Chapter 18, Problem 18.62QP

(a)

Interpretation Introduction

Interpretation: The value of $E^{\text{ο}}$ for the given reaction and concentration of ${\text{ClO}}_{\text{3}}{}^{-}$ is to be calculated.

Concept introduction: Nernst equation relates the cell potential of a half cell reaction to its standard potential and to the concentrations of its reactants and products.

To determine: The value of $E^{\text{ο}}$ for the given reaction.

Answer to Problem 18.62QP

Solution

The value of $E^{\text{ο}}$ for the given reaction is $\underset{\_}{-0.206V}$.

Explanation of Solution

Explanation

Chlorine dioxide ( ${\text{ClO}}_{\text{2}}$) is produced by the following reaction of chlorate ( ${\text{ClO}}_{\text{3}}{}^{-}$) with ${\text{Cl}}^{-}$ in acid solution:

${\text{2ClO}}_{\text{3}}{}^{-}\left(aq\right)+{\text{2Cl}}^{-}\left(aq\right)+4{\text{H}}^{\text{+}}\left(aq\right)\to 2{\text{ClO}}_{\text{2}}\left(g\right)+{\text{Cl}}_2\left(g\right)+2{\text{H}}_2\text{O}\left(l\right)$

The half cell reaction at cathode is,

${\text{ClO}}_{\text{3}}{}^{-}\left(aq\right)+2{\text{H}}^{+}\left(aq\right){\text{+e}}^{-}\to {\text{ClO}}_2\left(g\right)+{\text{H}}_2\text{O}{E}_{\text{cathode}}^{\text{ο}}=1.152\text{V}$ (1)

The half cell reaction at anode is,

${\text{Cl}}_2\left(g\right)\to 2{\text{Cl}}^{-}\left(aq\right)+{\text{2e}}^{-}{E}_{\text{anode}}^{\text{ο}}=1.3583\text{V}$ (2)

Multiply equation (1) by 2 to balance the electrons.

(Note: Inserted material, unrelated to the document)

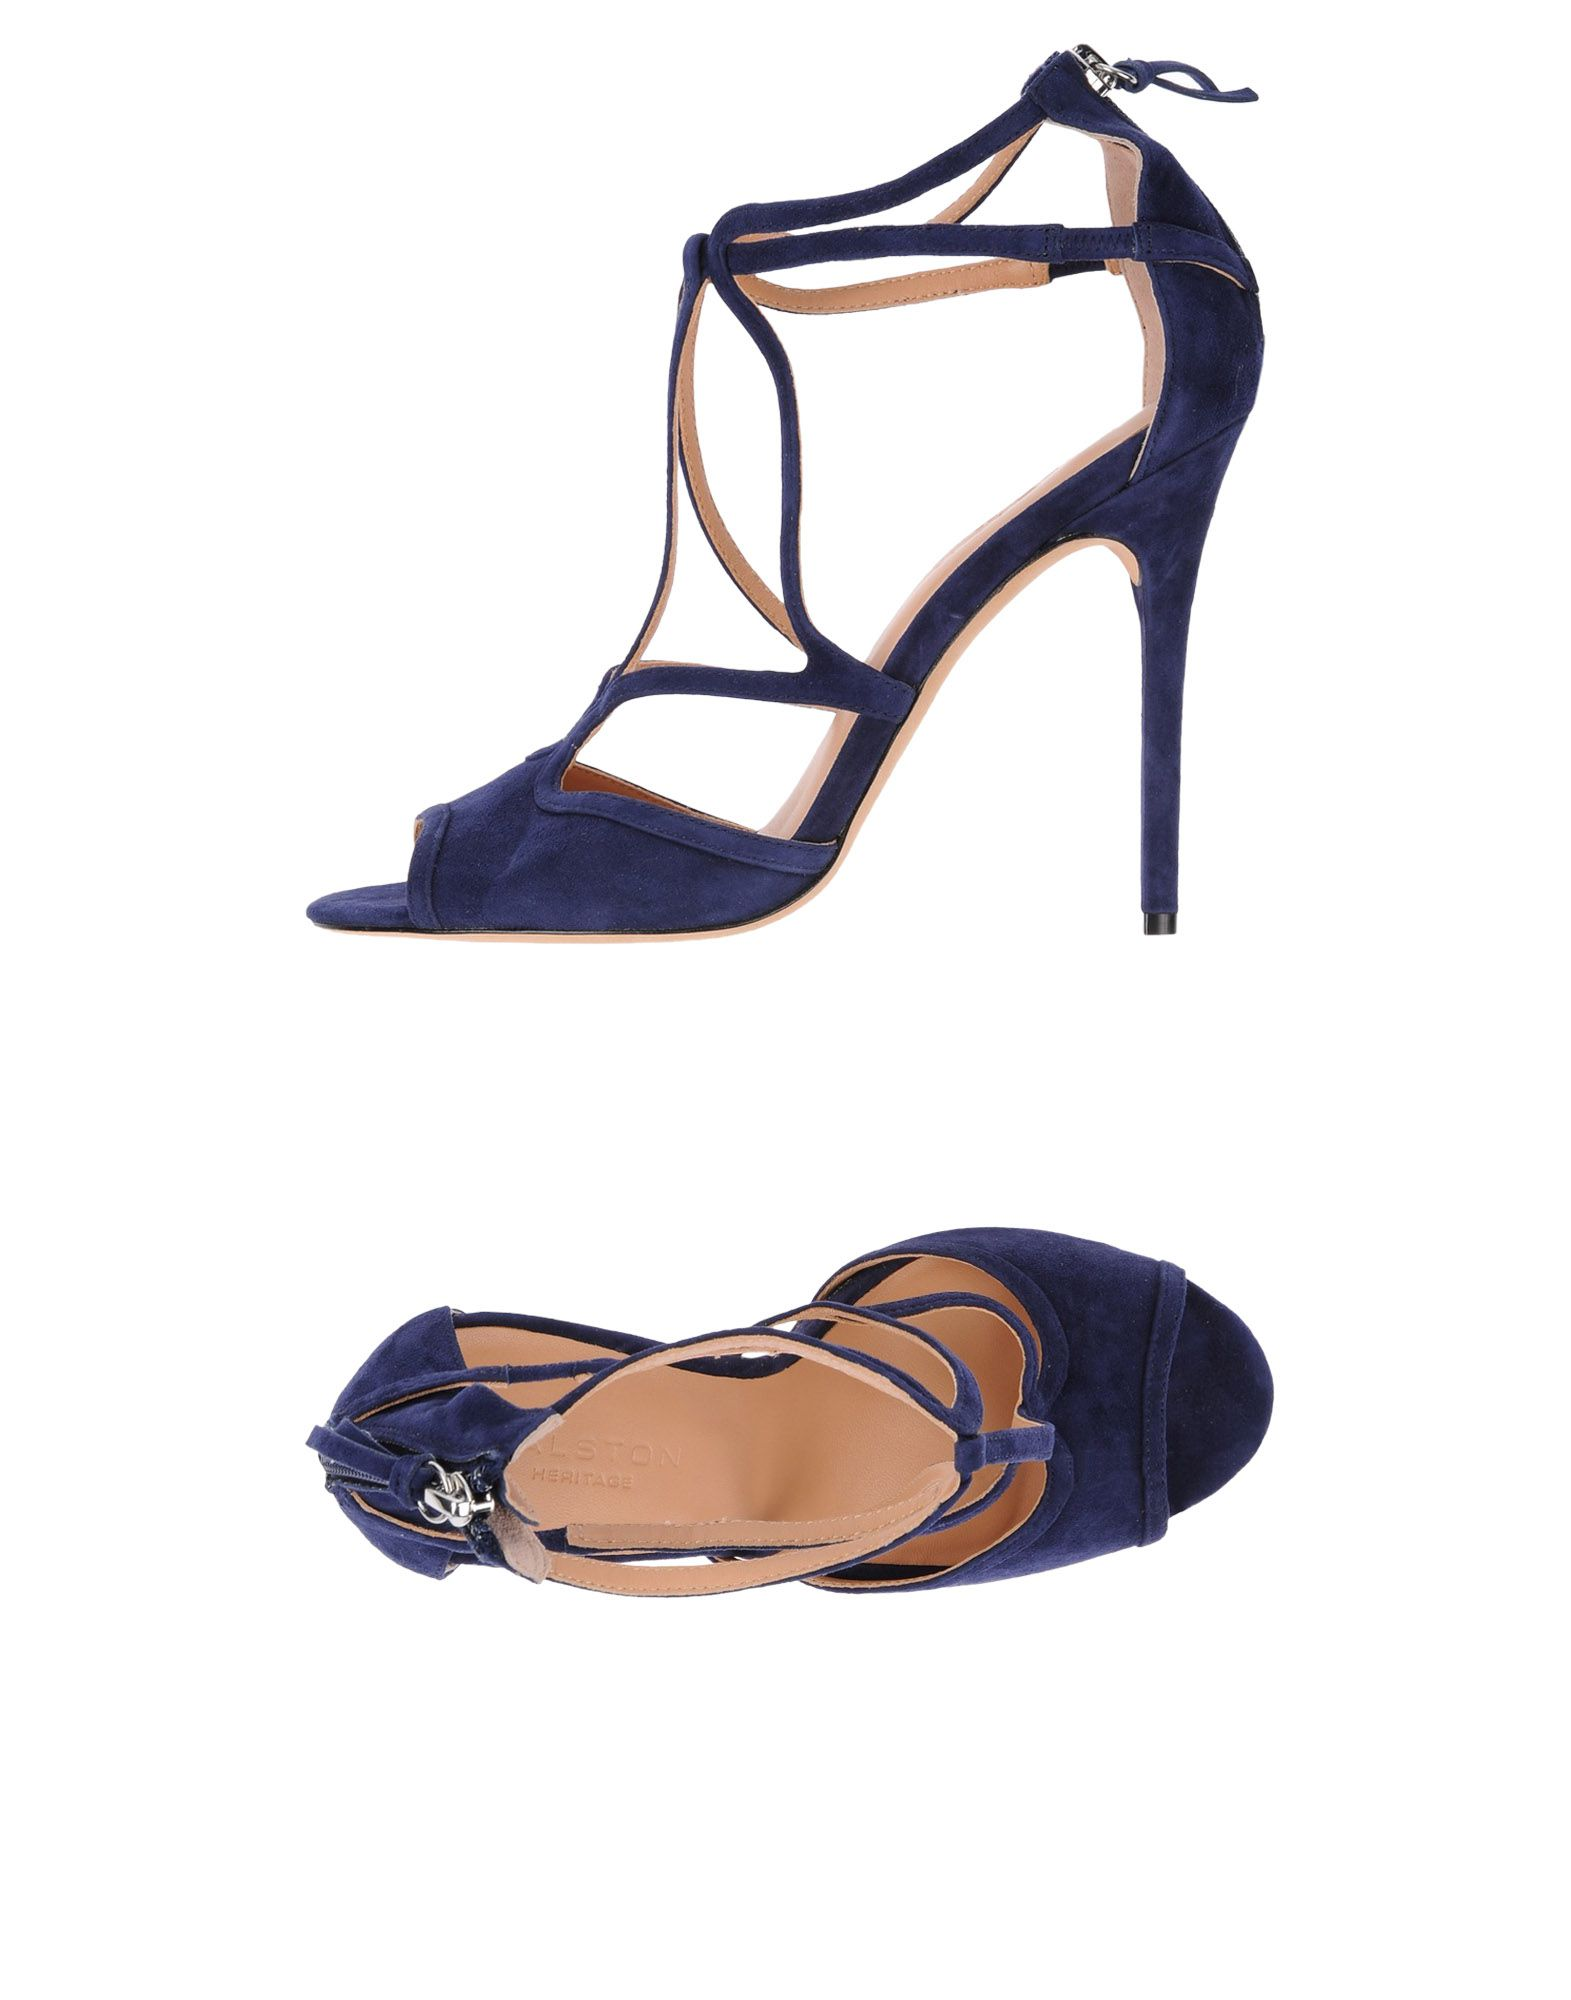 Sneakers Nbr1 Donna - 11293036VH Scarpe economiche e buone
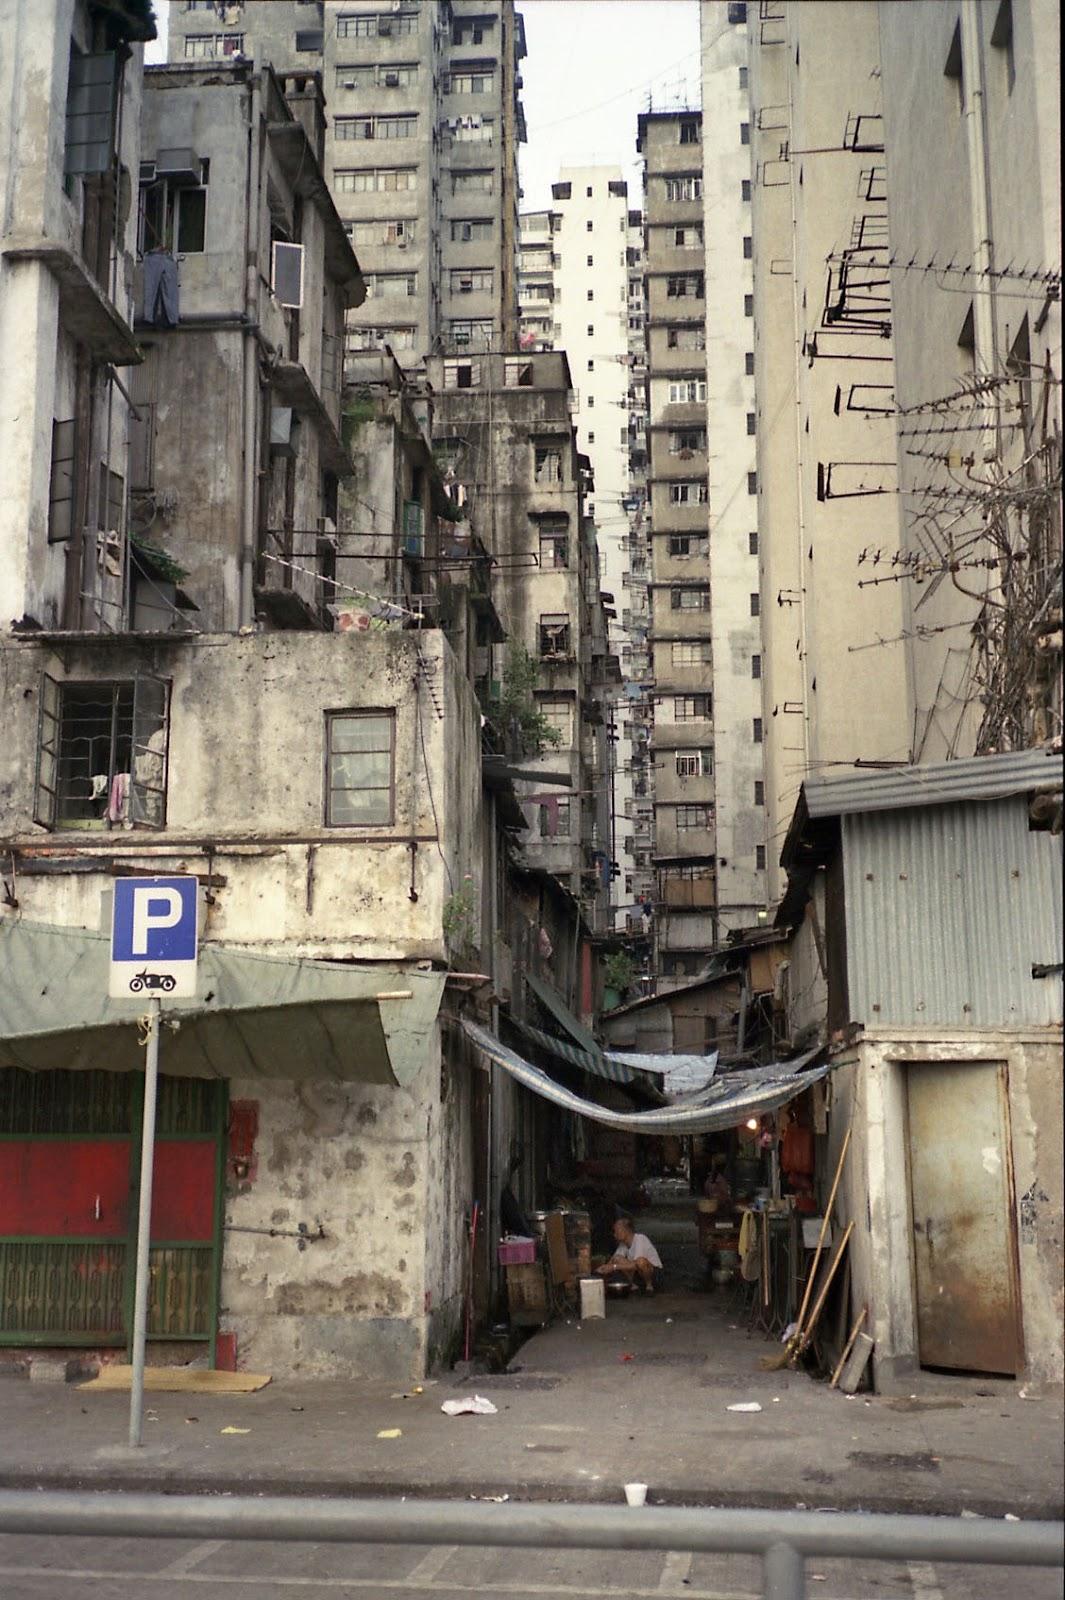 香港,海外,ビル,スラム街〈著作権フリー無料画像〉Free Stock Photos

${\text{2ClO}}_{\text{3}}{}^{-}\left(aq\right)+4{\text{H}}^{+}\left(aq\right){\text{+2e}}^{-}\to 2{\text{ClO}}_2\left(g\right)+2{\text{H}}_2\text{O}{E}_{\text{cathode}}^{\text{ο}}=1.152\text{V}$

The standard electrode potential ( $E_{\text{cell}}^{\text{ο}}$) is calculated by the formula,

$E_{\text{cell}}^{\text{ο}}=E_{\text{cathode}}^{\text{ο}}-E_{\text{anode}}^{\text{ο}}$

Substitute the value of $E_{\text{cathode}}^{\text{ο}}$ and $E_{\text{anode}}^{\text{ο}}$ in the above equation.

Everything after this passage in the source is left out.